# MATERIAL PROVIDED:
^^^^
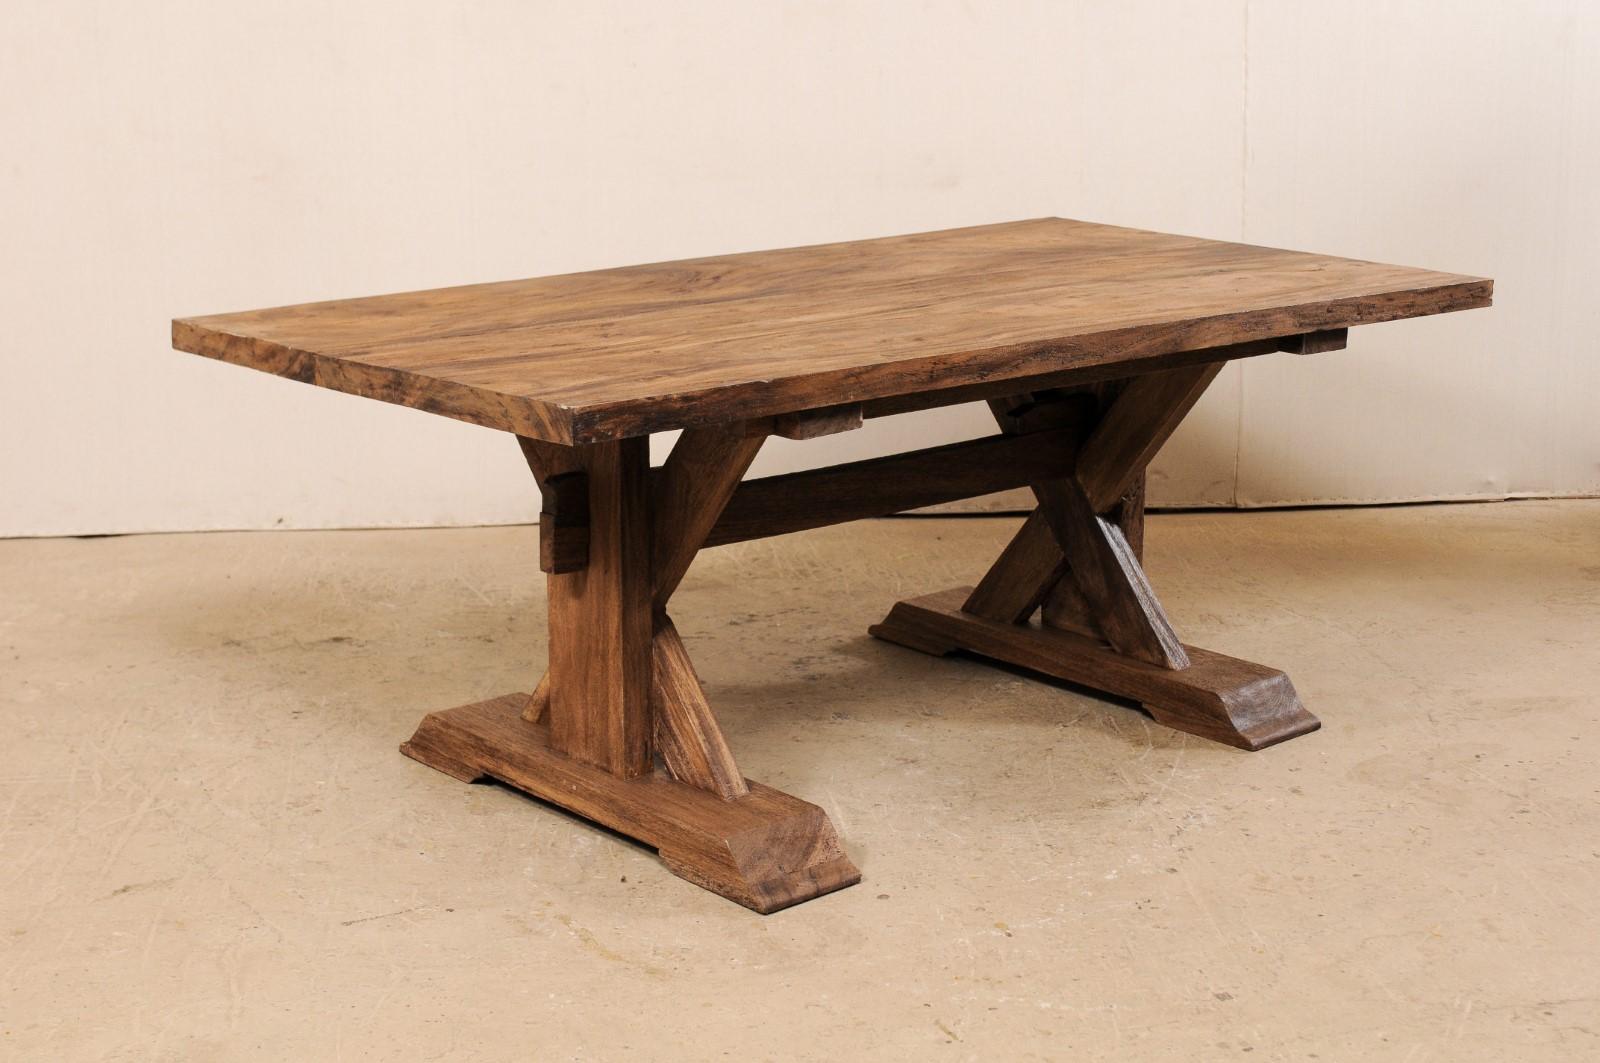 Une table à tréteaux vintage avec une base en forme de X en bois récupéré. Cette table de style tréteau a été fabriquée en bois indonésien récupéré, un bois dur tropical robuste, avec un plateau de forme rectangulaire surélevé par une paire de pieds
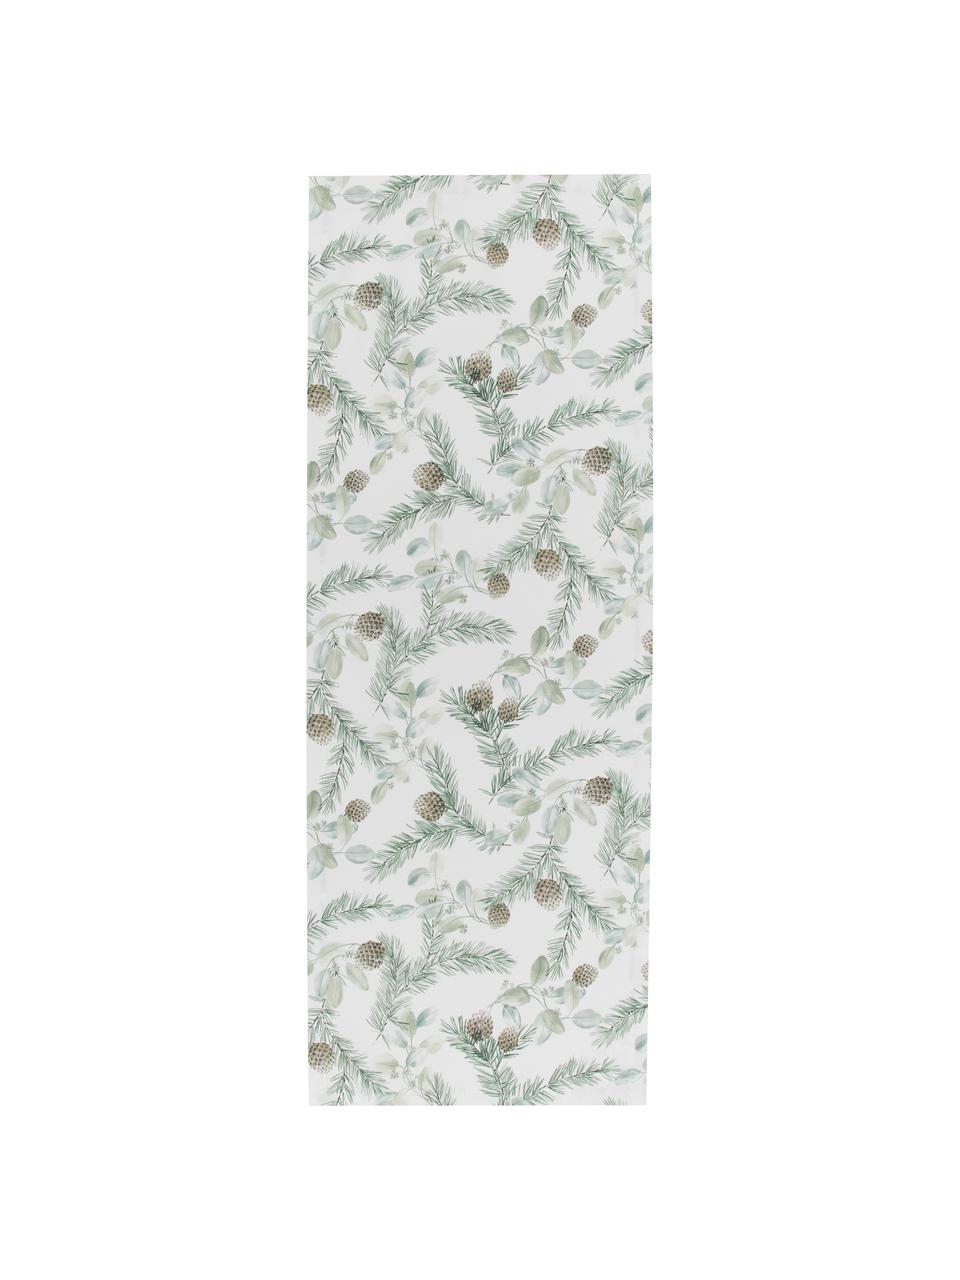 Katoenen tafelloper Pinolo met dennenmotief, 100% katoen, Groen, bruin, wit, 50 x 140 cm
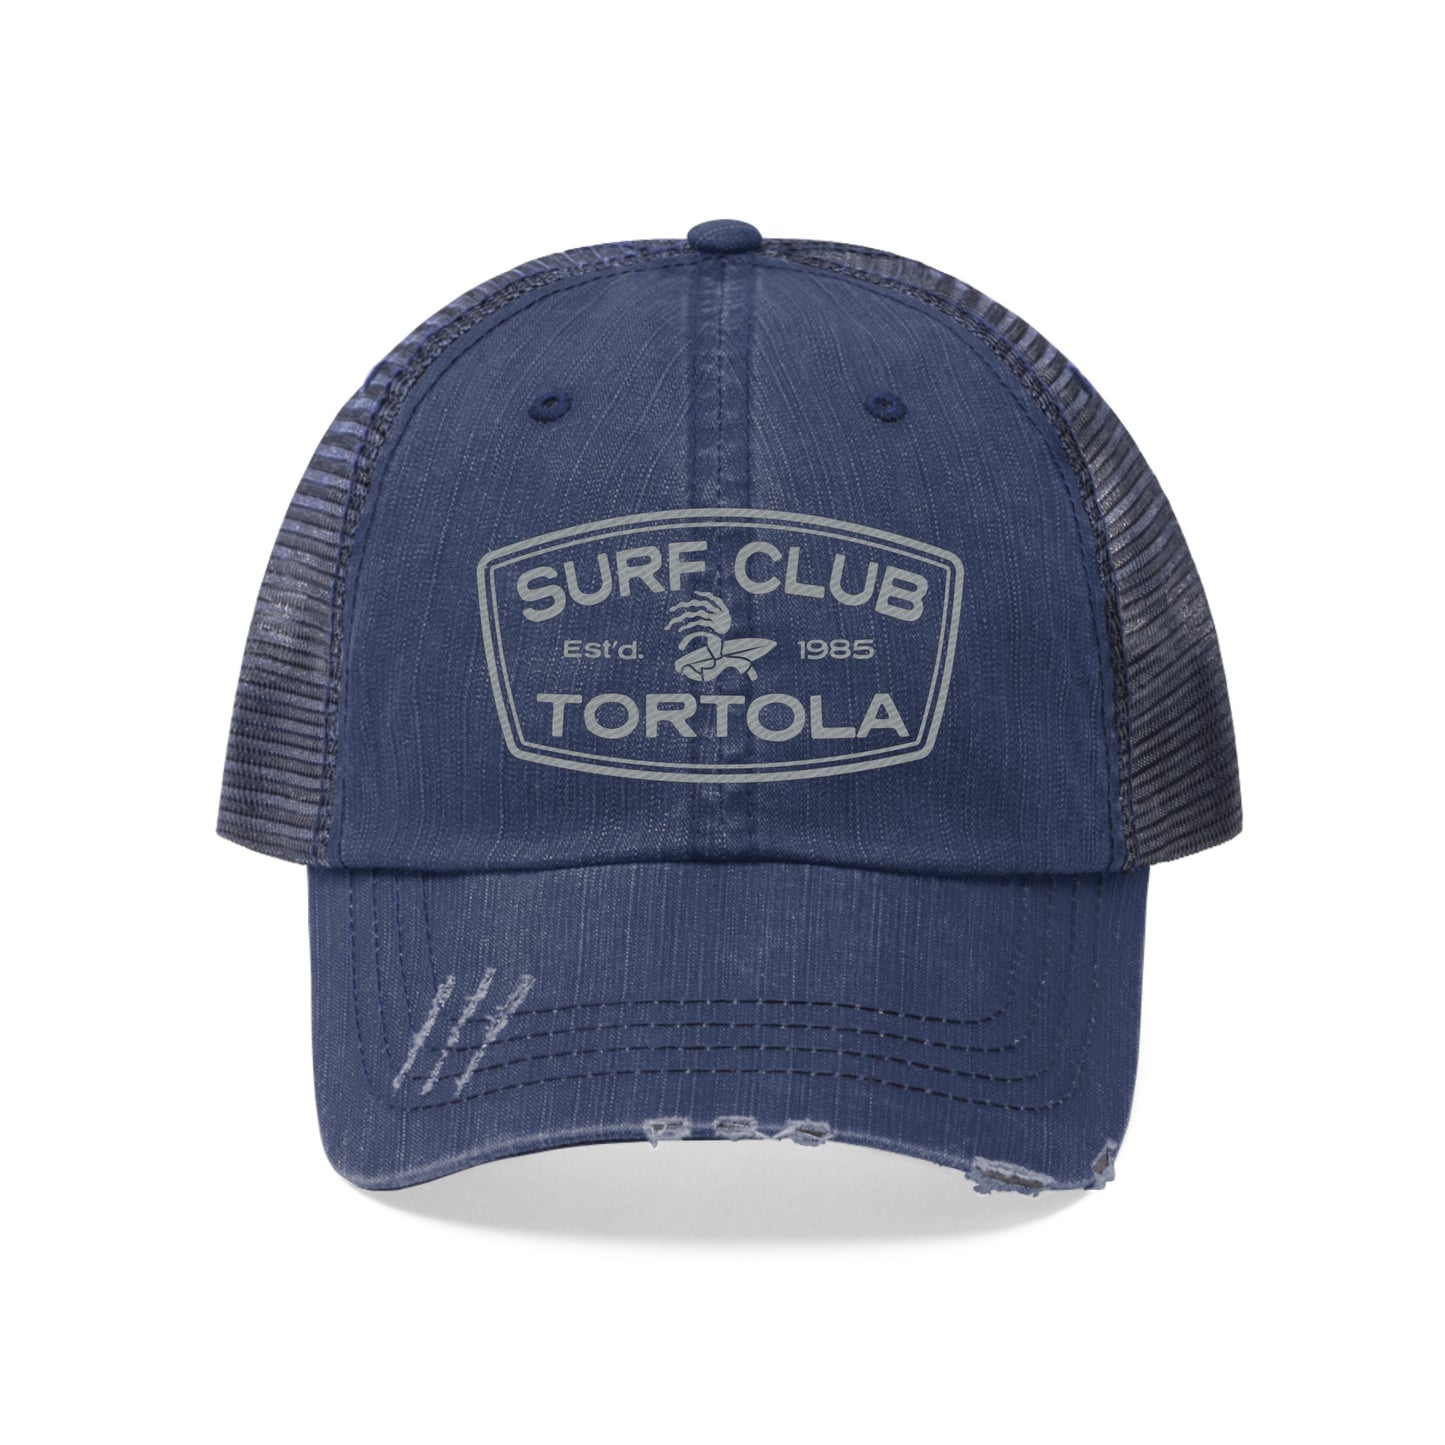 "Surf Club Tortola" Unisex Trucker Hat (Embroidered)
^^^^
# YOUR GOAL:
Your job is to reproduce the material exactly. Keep pictures out of it.

# OUTPUT OF THE EXERCISE:
 Une table à tréteaux vintage avec une base en forme de X en bois récupéré. Cette table de style tréteau a été fabriquée en bois indonésien récupéré, un bois dur tropical robuste, avec un plateau de forme rectangulaire surélevé par une paire de pieds
 Katoenen tafelloper Pinolo met dennenmotief, 100% katoen, Groen, bruin, wit, 50 x 140 cm
 "Surf Club Tortola" Unisex Trucker Hat (Embroidered)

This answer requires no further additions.